• What is required:
From the listing below, copy only the lines from the line that contains "Beautiful scenery leh" to the line that contains "CATALANO-SKU-IST10S900-SKETCH-STOOL-ASH-NAT-PU-BLACK-1367", counting those two lines as part of the copy.

• Dataset excerpts:
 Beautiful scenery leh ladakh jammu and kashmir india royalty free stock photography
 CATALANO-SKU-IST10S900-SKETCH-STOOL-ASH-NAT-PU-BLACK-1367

...

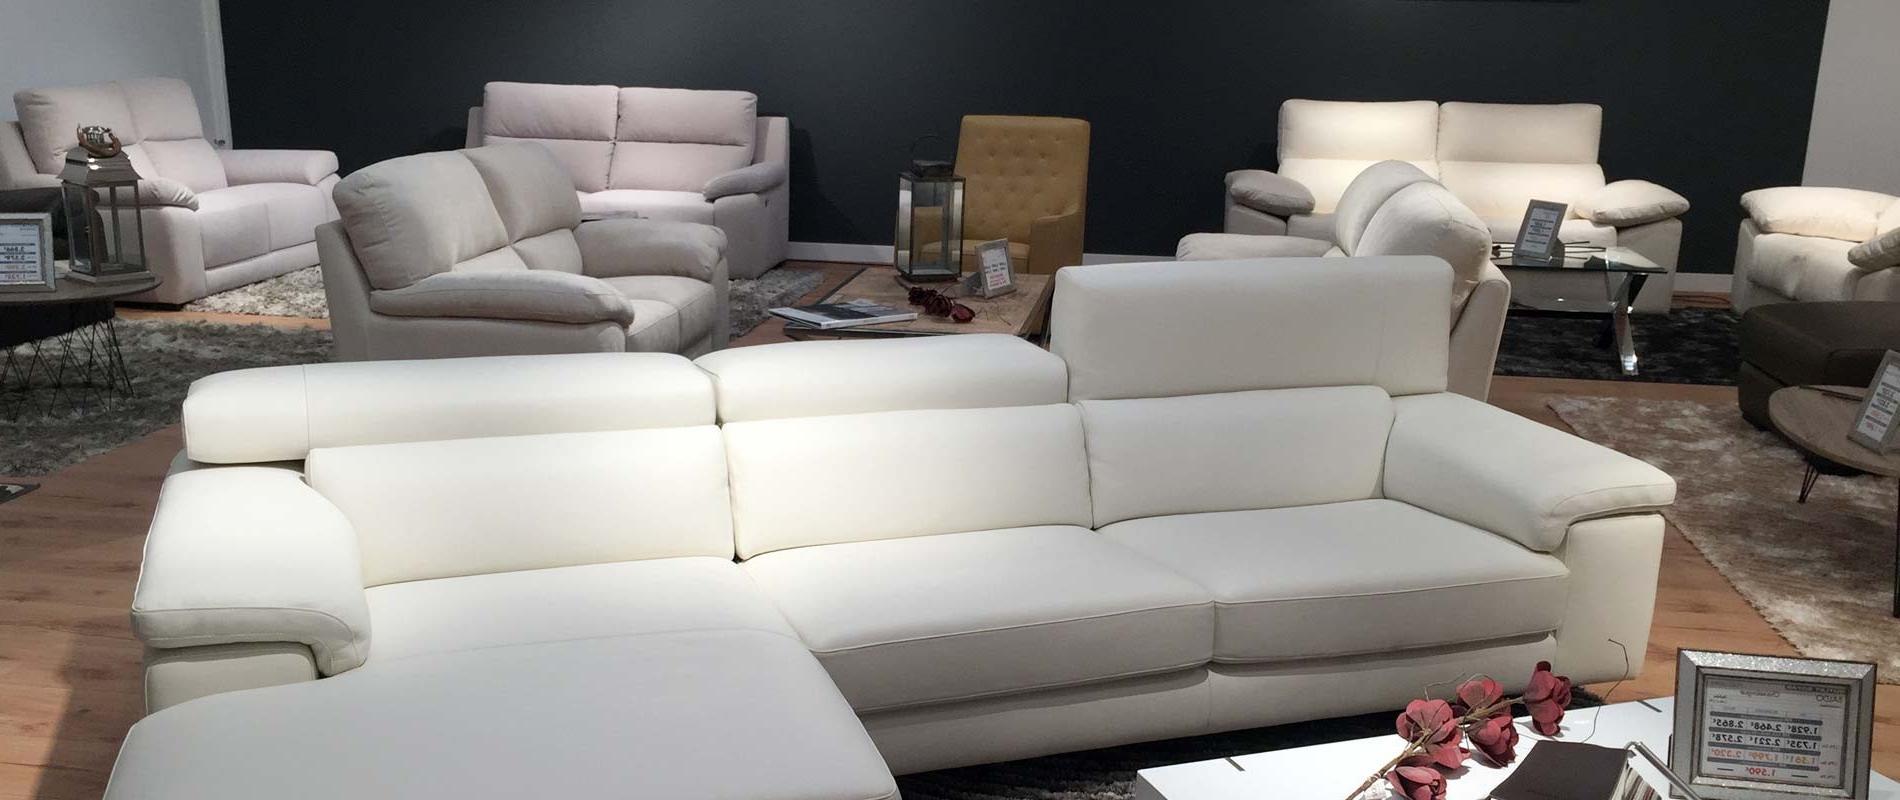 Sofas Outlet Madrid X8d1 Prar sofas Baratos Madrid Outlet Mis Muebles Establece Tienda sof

• Response:
 Beautiful scenery leh ladakh jammu and kashmir india royalty free stock photography
 CATALANO-SKU-IST10S900-SKETCH-STOOL-ASH-NAT-PU-BLACK-1367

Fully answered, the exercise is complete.